He will show you to your table. Once you’re inside you hear his perfectly shined shoes clacking over the jagged black and red pattern on the floor and you’ll wonder why its so clean when everything else is coated in such a thick layer of dust? You can try and sneak a peek into the other booths, but you won’t be able to make out much more than hair colour, illuminated by the single lamp at each table. There’s no lighting on the ceiling, and you’ll never quite be able to make out where the corners are. Everything is thick with cigarette smoke. As your eyes adjust you’ll notice a partition dividing off the bar at the back wall and the lowly illuminated outlines of a man and woman sign over the toilet doors. 
It’s akin to a grimy post-war bar, where the gin used to be like petrol and your hand came off black every time you wiped your brow. 

The tables are tiny, hardly big enough to sit behind and with barely any space for drinks. Only one person can sit. A large black telephone with an old fashioned receiver and a thick, curly cord sits before you. Next to that is a bottle, which at some point years ago had a label on it. Also, a fine well-cut crystal whisky glass, which you’re about to find out is in complete juxtaposition to the contents of that bottle. The whisky’s there for you, feel free to pour as much of it as you like, but be warned, it is truly the most foul tasting, sour and disgusting stuff you’ve tried to soak down. God knows where they get it from - China is my guess - but it’ll have you heaving. I can’t say I know of any man who’s made it so much as halfway through a bottle of that paraffin, let alone finished one. Truly a drink only a brokenhearted man or woman could subject themselves to, and believe me, you will. 

Once you’re sat down and comfortable you’ll hear the music, you somehow never notice it straight away. It’s soft and creeps up on you. Gentle but weary strings, adagios and sonatas, played by the most mournful string quintet you could imagine. It’s a recording, but they seem to have hundreds of them, I’m no master of that sort of thing, but its said you can tell its the same quintet playing each one. They’re supposed to be from Mexico, a group of the most fierce-eyed women you’ll ever see, who all wear complete black aside from a deep red flower in their hair and who all lost their husbands in a fire at a notorious whorehouse.

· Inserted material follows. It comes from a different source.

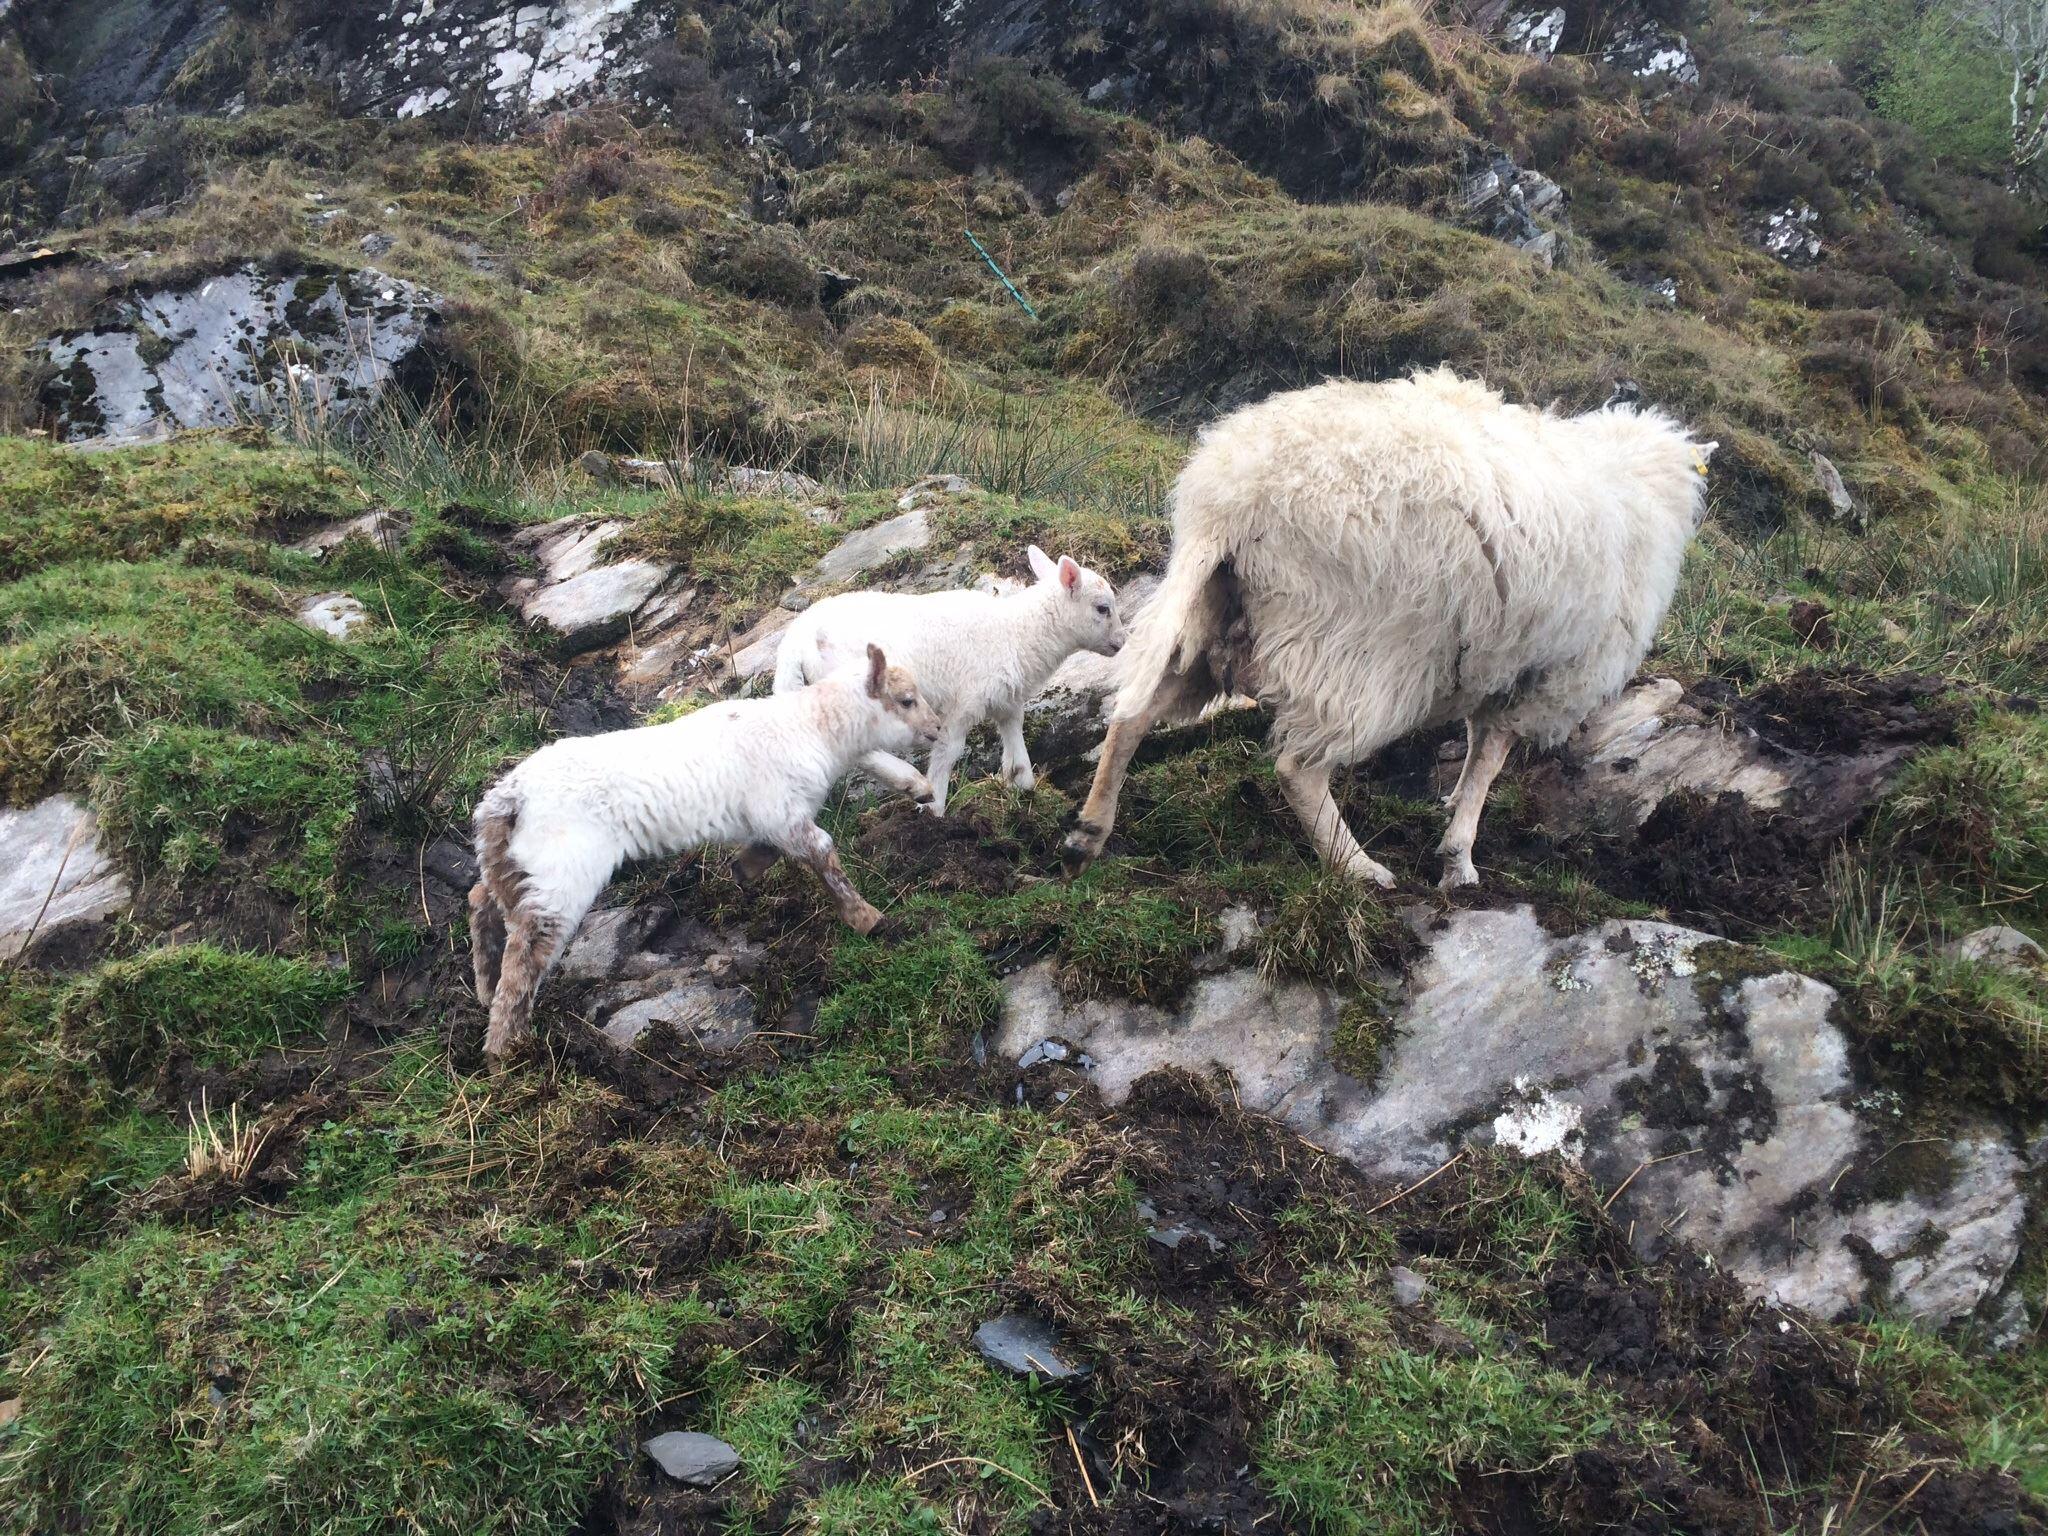 Lambs - Tarbet, Knoydart

Their strings resonate with bitterness and resent but, above all, sadness, the engulfing sadness of the bar. Every now and then you’ll hear the record run out and click for a few minutes before Steve changes it. 

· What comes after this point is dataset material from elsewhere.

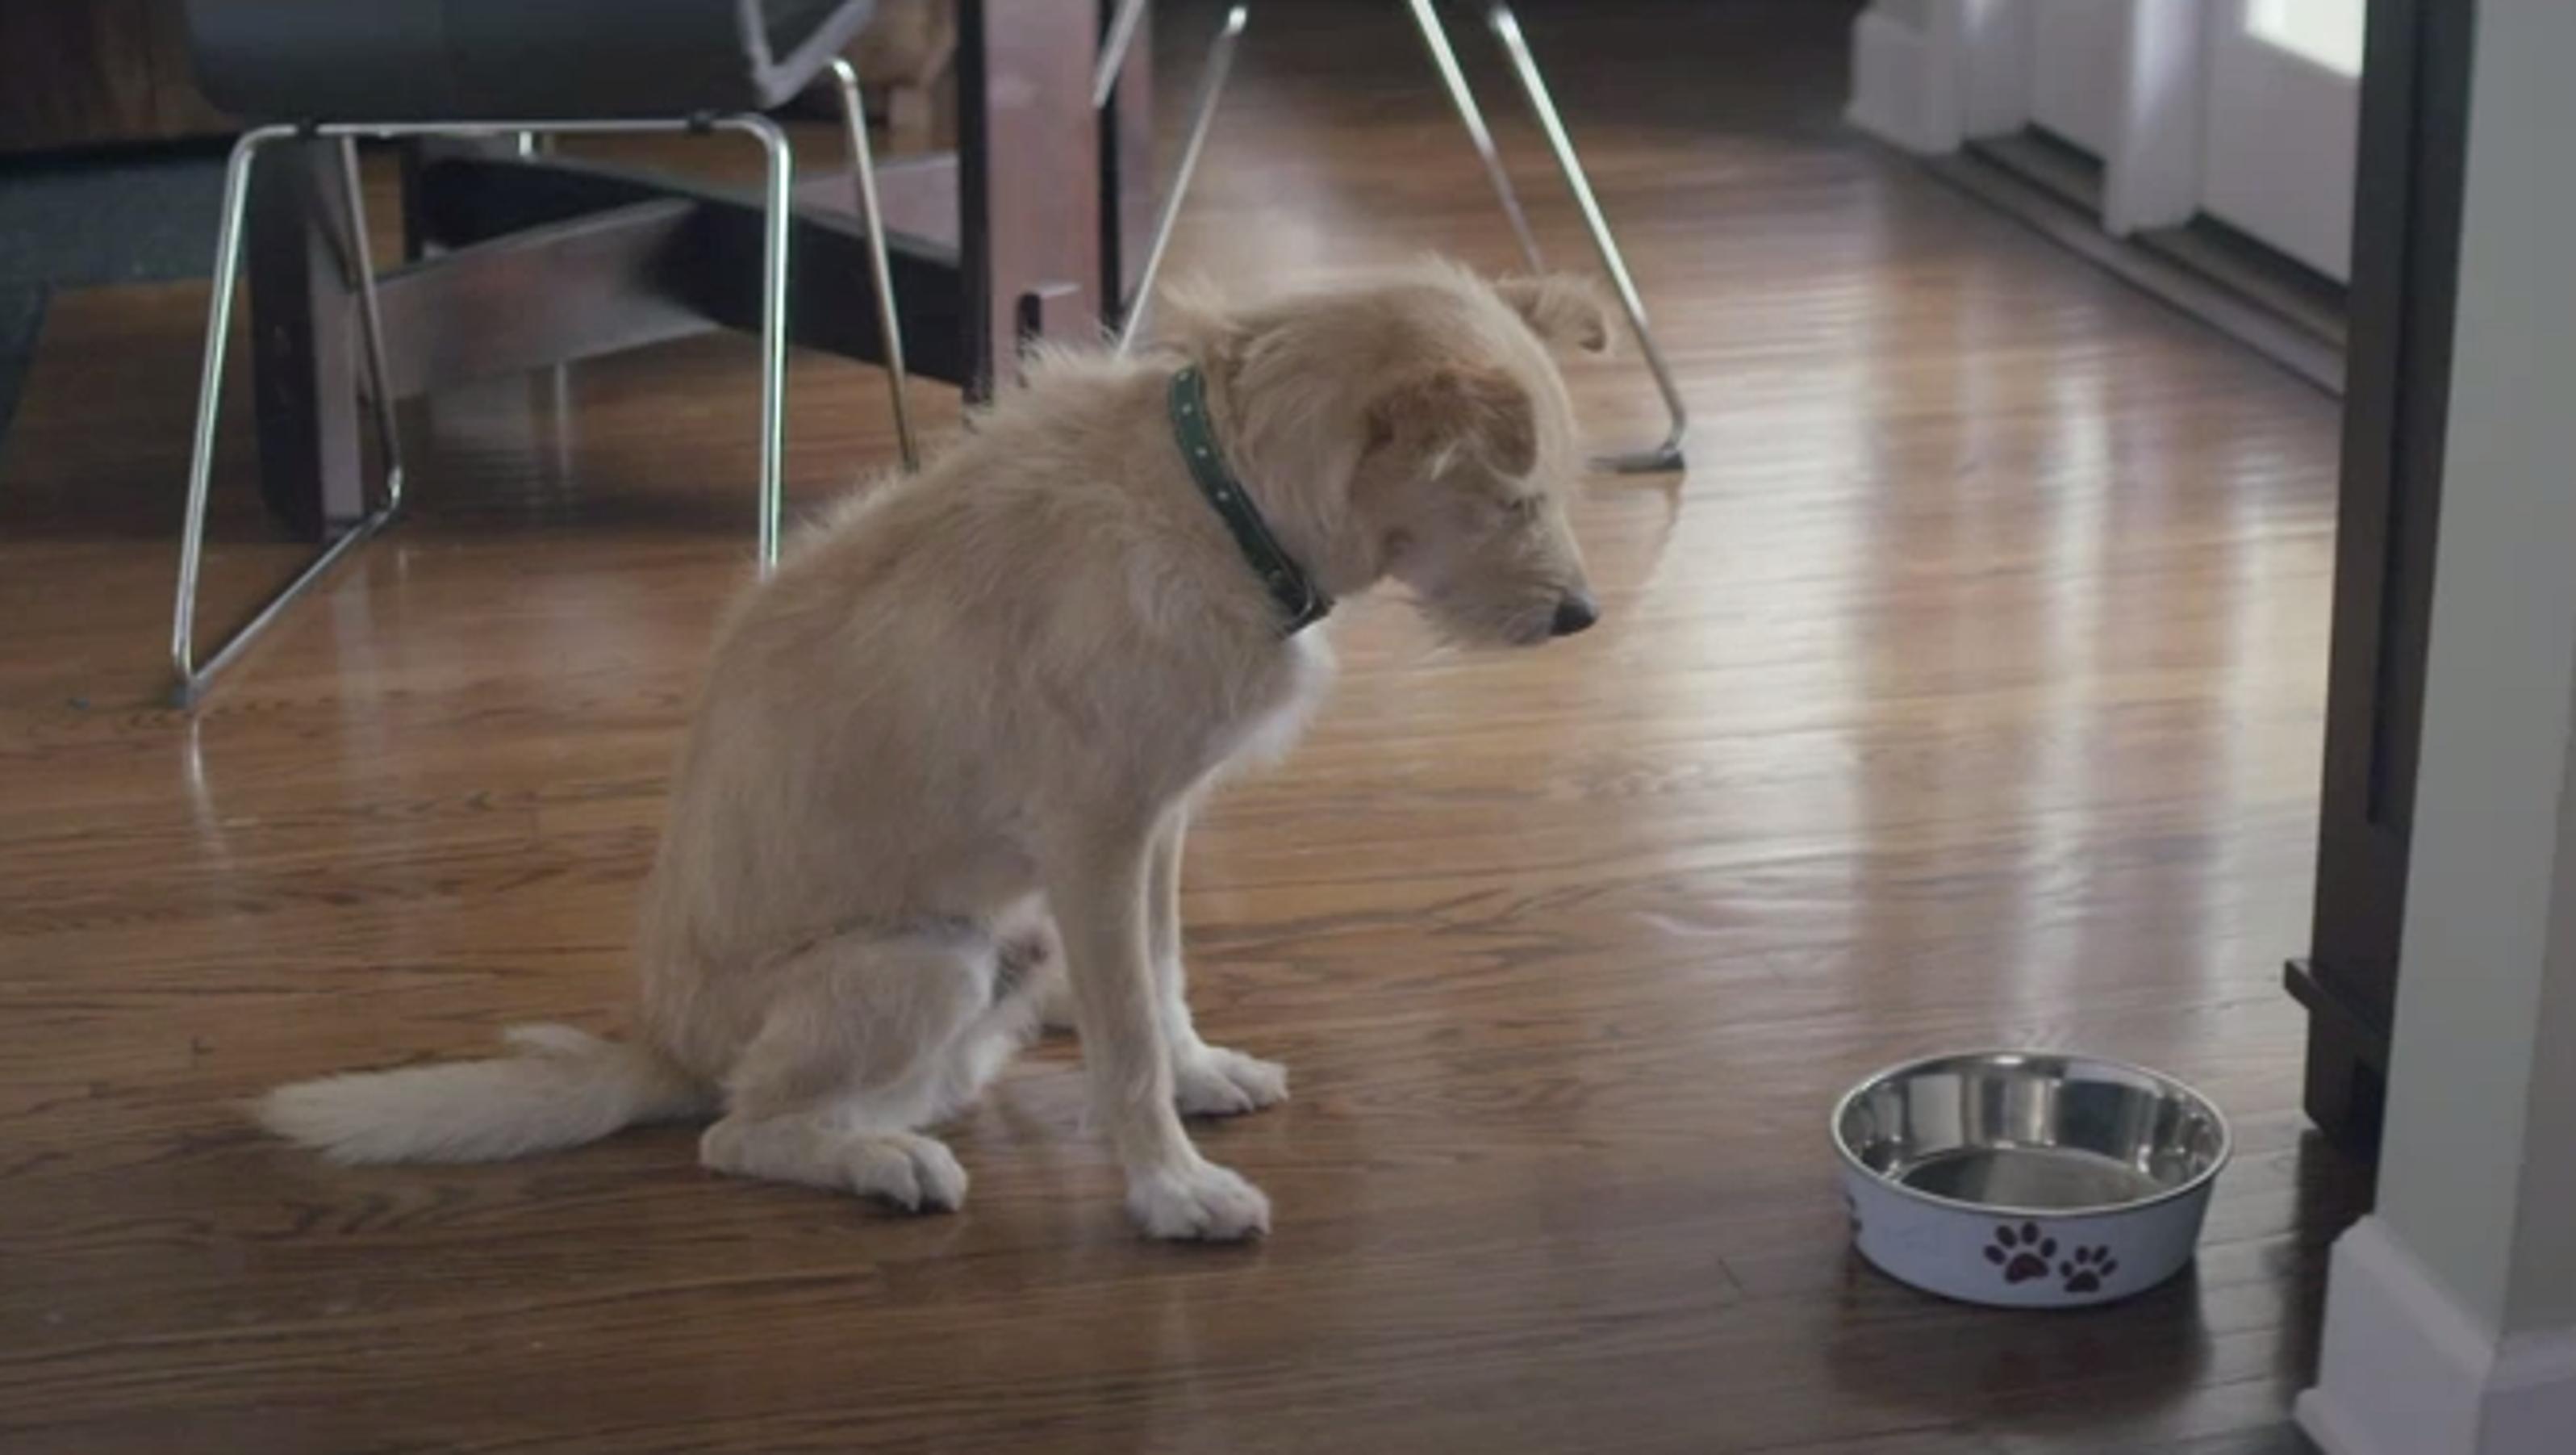 Sad Ads - Sad Dog

The telephone has a large and unusual circular dial with 21 numbers on it, zero to 20. Zero is for the bar. They’re not cruel enough to make you actually drink that putrid mess in the bottle, so you can order drinks. Everything costs five, but they don’t serve beer. Only cocktails, spirits and wine. Steve takes your order on the phone, but The Boy brings your drinks. He’s called that but he must be pushing 40 now, even if he still looks around 17. Wordlessly he’ll set down your libations and there will be a nod, that is all. I’ve never heard him speak. 

Now you’re sitting comfortably, its time to talk. Pick up the phone and dial a number - one to twenty. You’ll be connected to a table. They’ll pick up and, usually, just start talking. Oh, the stories you’ll hear. You won’t be able to stand them. You won’t be able to stand yourself. Mothers who have lost their sons in car accidents just days before. Fathers with daughters murdered by jealous husbands. And so many who have lost the great, great loves of their lives. Near-teenagers going through the gut-wrench punch of their first love leaving, widowers bereft after 60 years together. Stories to make the devil cry.  You’ll cry, you’ll cry and you’ll confess your own heartbreak, you’ll rain down the tears and push your angry misery back on them too. Its exhausting, it leaves you aching. The tears will roll down your cheeks and all over that floor (so that’s why its so clean!) The tears will flow forever and ever and you’ll lose yourself in sentiment, in self-pity, in loathing. The blubber and mucus congealing on your shirt, you won’t care. Your heart beating so slow and yet so hard, kicking your ribcage. Your shame at being so small and pathetic compared to the 88-year-old-man you’ve just heard wring his stomach out. More people in the bathrooms are retching the last little bits of love out of them than there are pissing. Nobody sits in silence, and the cacophony of wails alone is overwhelming. The music gets a little louder once all the tables are full, once everyone is sobbing away. 

Then there’s the bar. If you’re new, the other person has to ask, and people usually pair up. You’ll be talking to a 55-year-old lady and she’ll say “come to the bar with me, we all need a little company, huh?” and you’ll give her ten minutes to clean up, you’ll wipe the corners of your eyes and you’ll get yourself together, then you’ll meet her behind the partition. Here the tables are a little larger, enough to get two people around and no telephones. There’s only one rule, but its a strict one: First names only. 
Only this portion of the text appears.